Laura Rogers’ Nicole is equally self-knowing. The mostly off-stage daughter Emma suffers allergies directly related to her parents’ disharmony, we’re told. Nicole can see this just as clearly as she wants to pop pills in Emma’s mouth or take her some rarified gluten-free diet as she herself drinks every available glass of red. Rogers’ clarity makes Nicole believable despite foibles such as this, or with every argument calibrated around winning cases, like her own lawyer family. Nicole’s able to turn on the ferociously articulate Adam and silence him. Their sparring is the dramatic highpoint; especially when the pop-up CBT announcements begin to fade into audience cues (we’ve been programmed, and where to laugh). It’s where the play’s small ticking heart begins to pump and not whirr.

 

By the close of the work we realize as lights switch off who’s broken through, who’s merely a broken record.

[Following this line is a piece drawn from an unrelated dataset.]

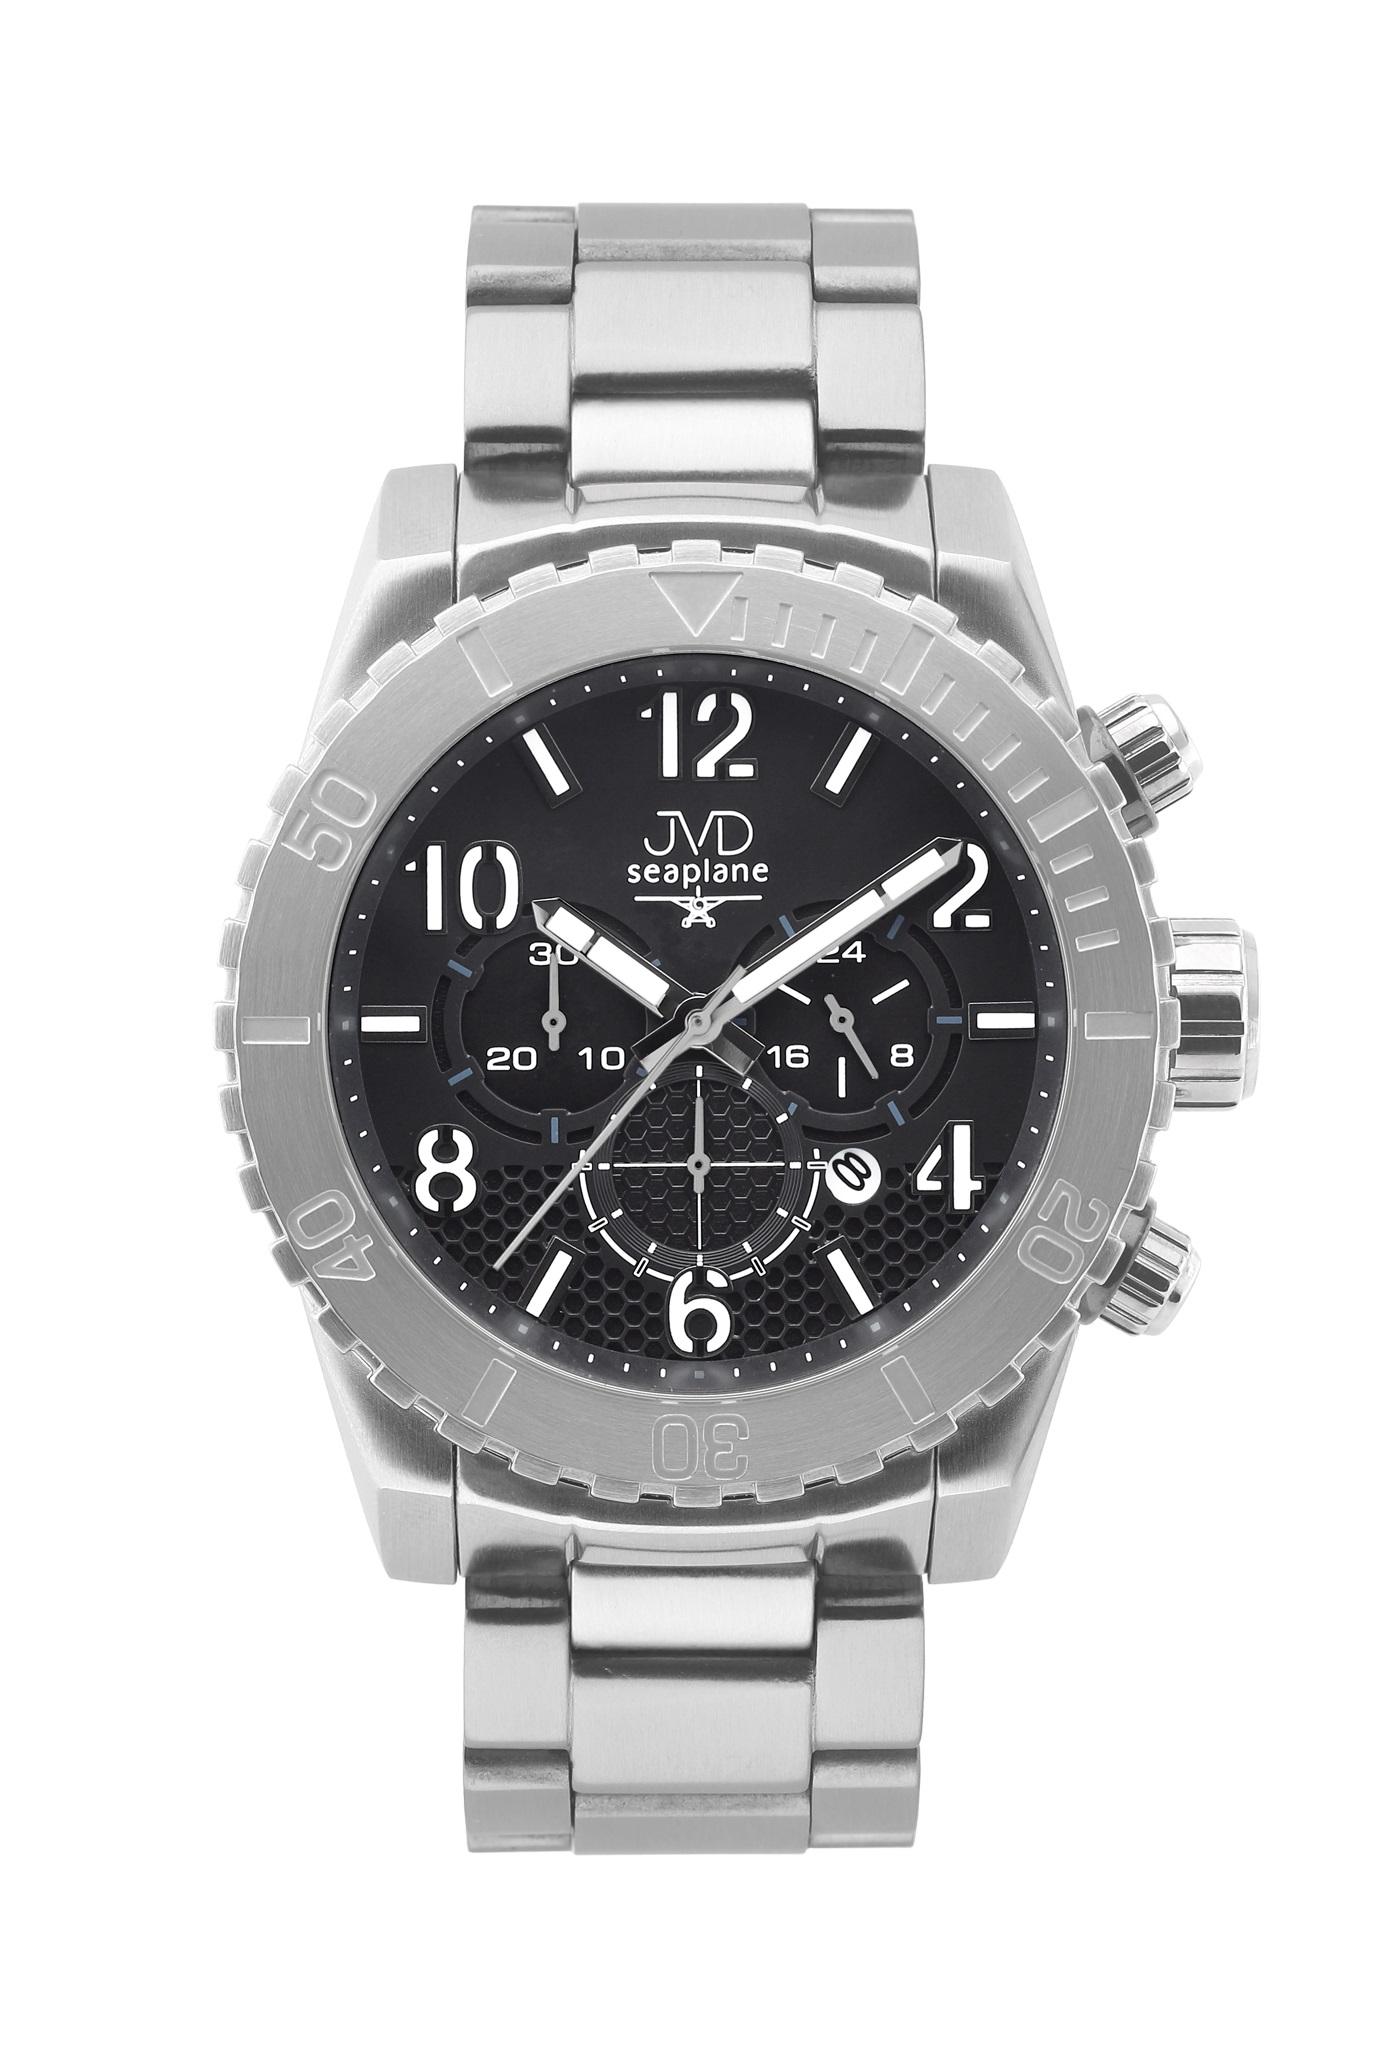 Vodotěsné pánské náramkové hodinky Seaplane METEOR JC703.2 (POŠTOVNÉ ZDARMA!!!)

Some will be irritated with the mechanics of this, but the cast are uniformly excellent and Hughes and Rogers seize on their richer parts. Gracey Noakes’ question as Emma at the climax is a clever release of a trope that one person described as drama exercises. Perhaps: but no-one’s managed them like this before. It’s a variation worth nailing, not least because it interrogates a therapy many believe works. So whether it does or not, questioning why we slip into the behaviours we do is surely worth asking, more than once. And more than worth seeing.